Solute particle near a nanopore: influence of size and surface properties on the solvent-mediated forces

TL;DR

This study uses classical density functional theory to analyze how nanoparticle size and surface properties influence solvent-mediated forces near nanopores, providing insights into particle-pore interactions and phase behavior.

Contribution

It introduces a comprehensive model combining density functional theory and a capillary approach to predict nanoparticle forces considering geometry, hydrophobicity, and electrostatics.

Findings

Depletion forces depend on nanoparticle size and surface hydrophobicity.

A phase diagram predicts nanoparticle entry or rejection based on surface and electrostatic properties.

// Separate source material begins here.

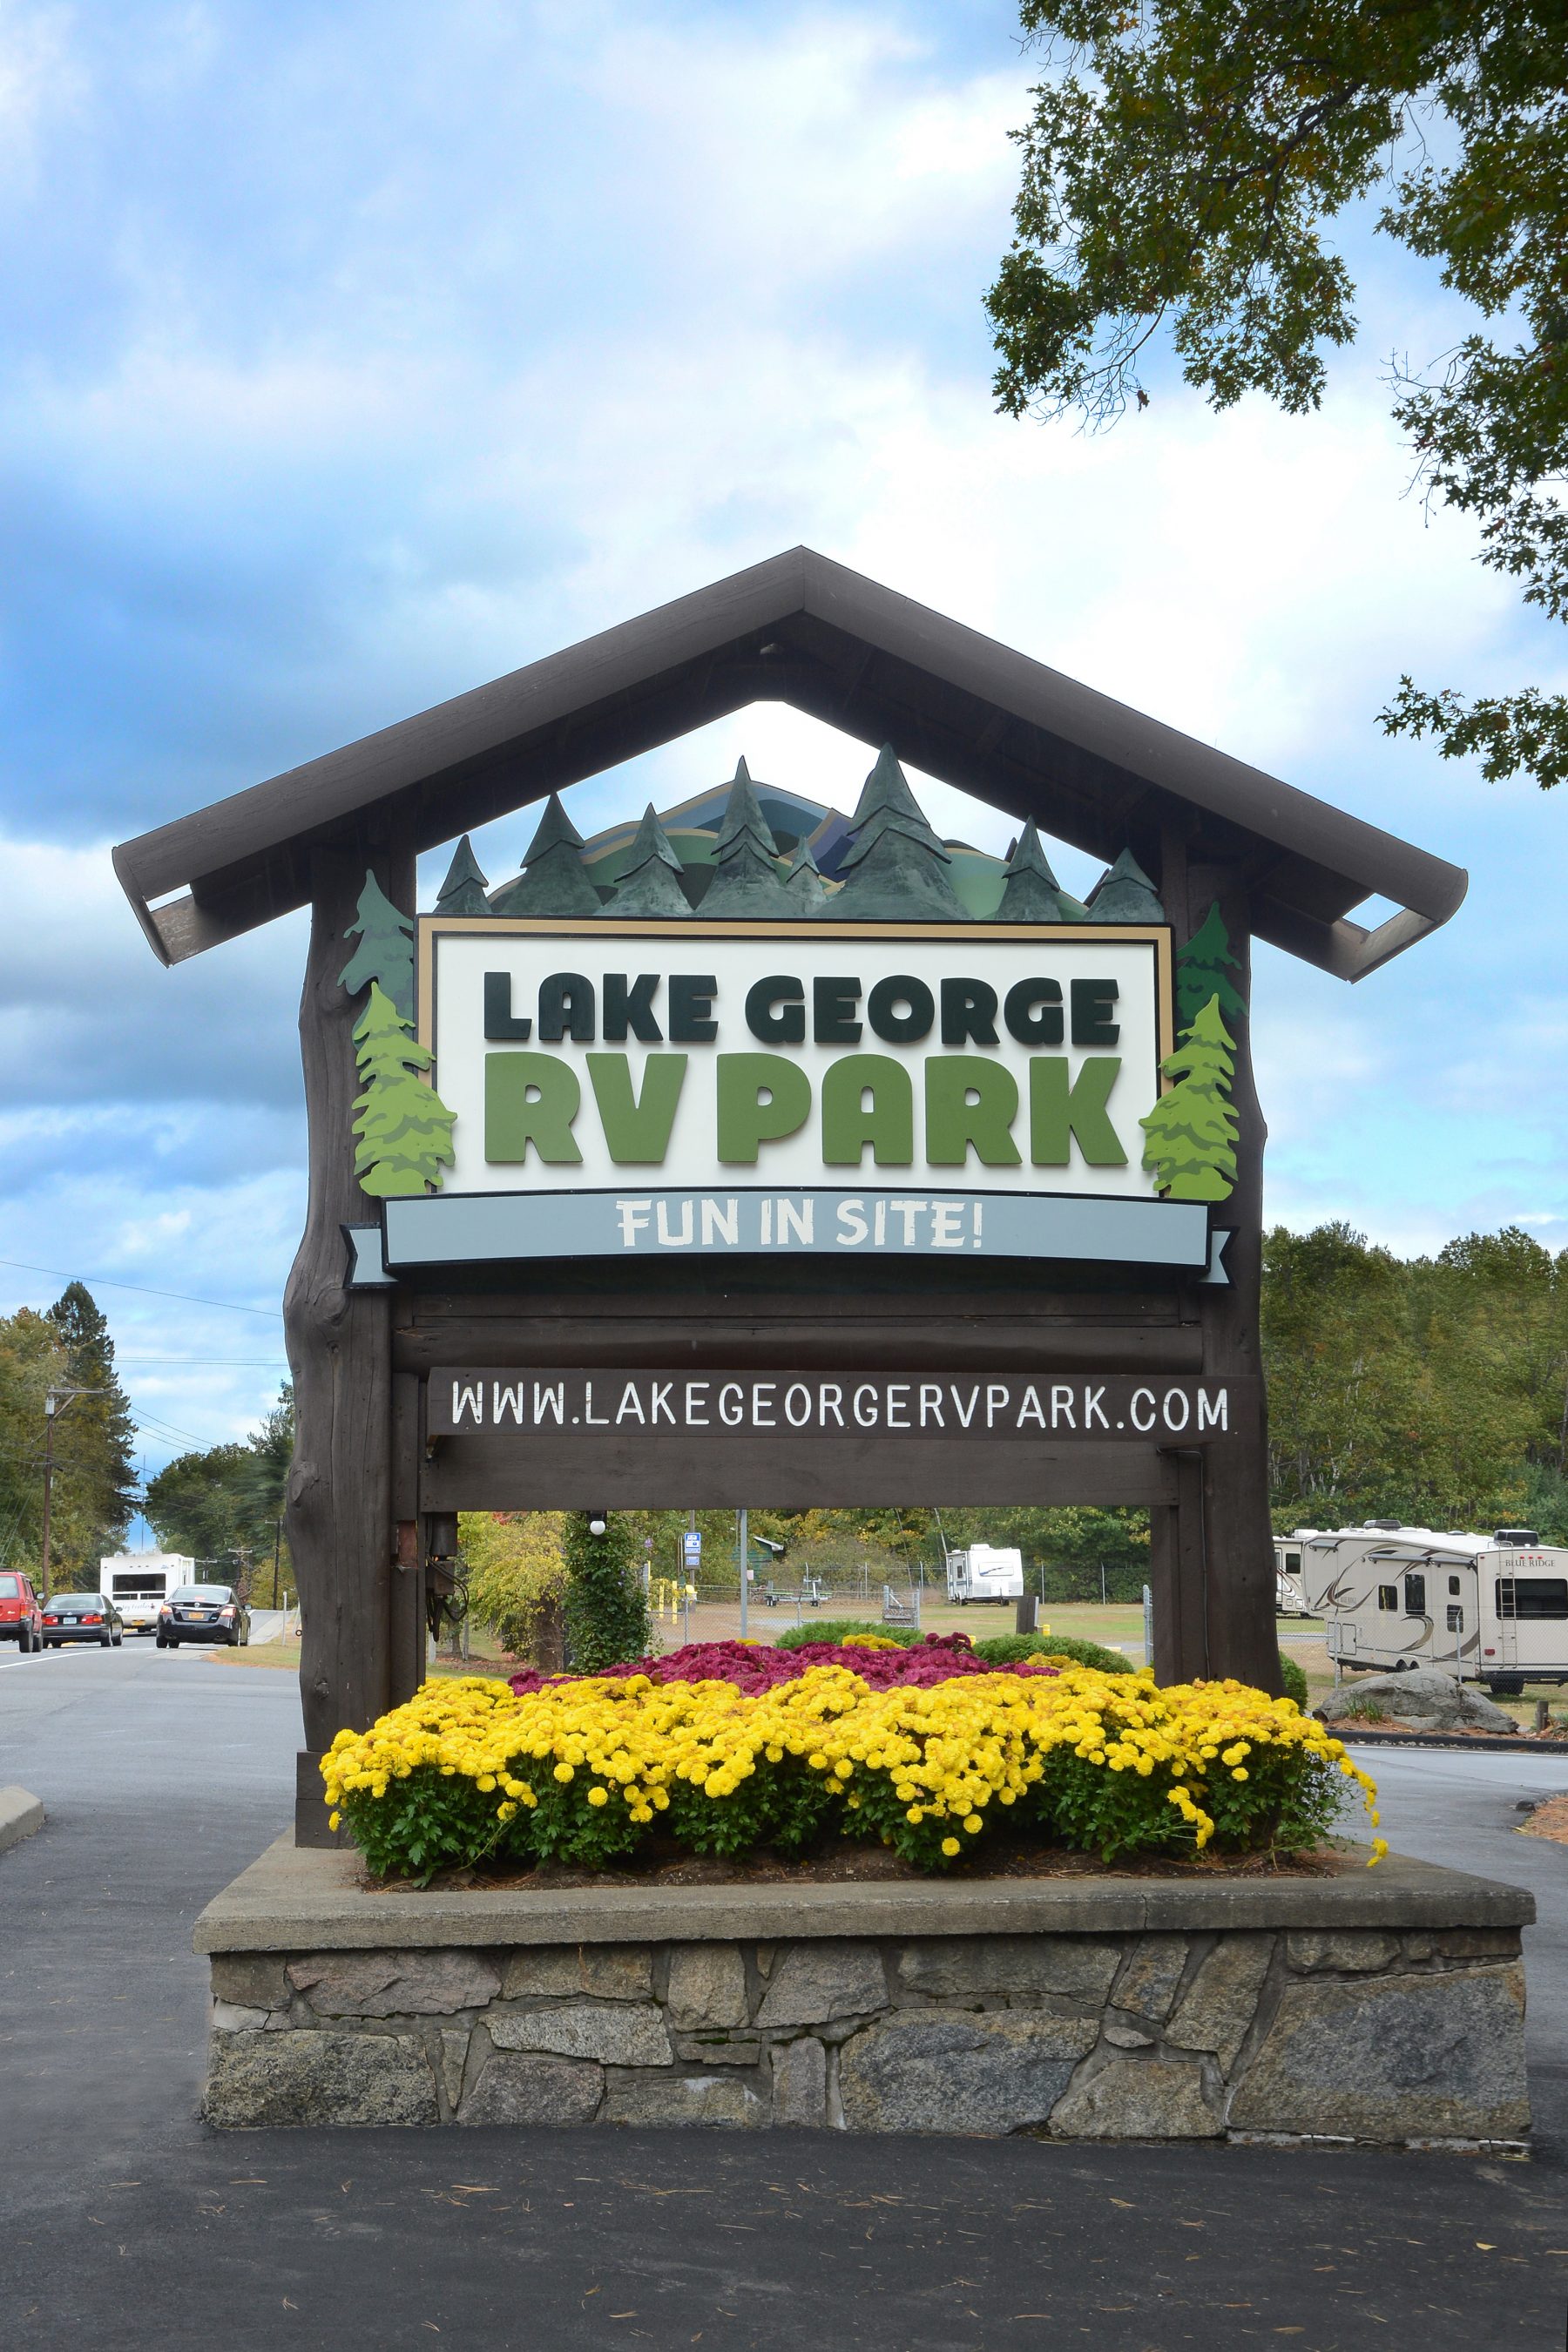 We have one entrance to the park – located on Route 149

The model accounts for pore geometry and liquid filling states.

Abstract

Nanoscopic pores are used in various systems to attract nanoparticles. In general the behaviour is a result of two types of interactions: the material specific affinity and the solvent-mediated influence also called the depletion force. The latter is more universal but also much more complex to understand since it requires modeling both the nanoparticle and the solvent. Here, we employed classical density functional theory to determine the forces acting on a nanoparticle near a nanoscopic pore as a function of its hydrophobicity and its size. A simple capillary model is constructed to predict those depletion forces for various surface properties. For a nanoscopic pore, complexity arises from both the specific geometry and the fact that hydrophobic pores are not necessarily filled with liquid. Taking all of these effects into account and including electrostatic effects, we establish a phase diagram describing the entrance and the rejection of the nanoparticle from the pore.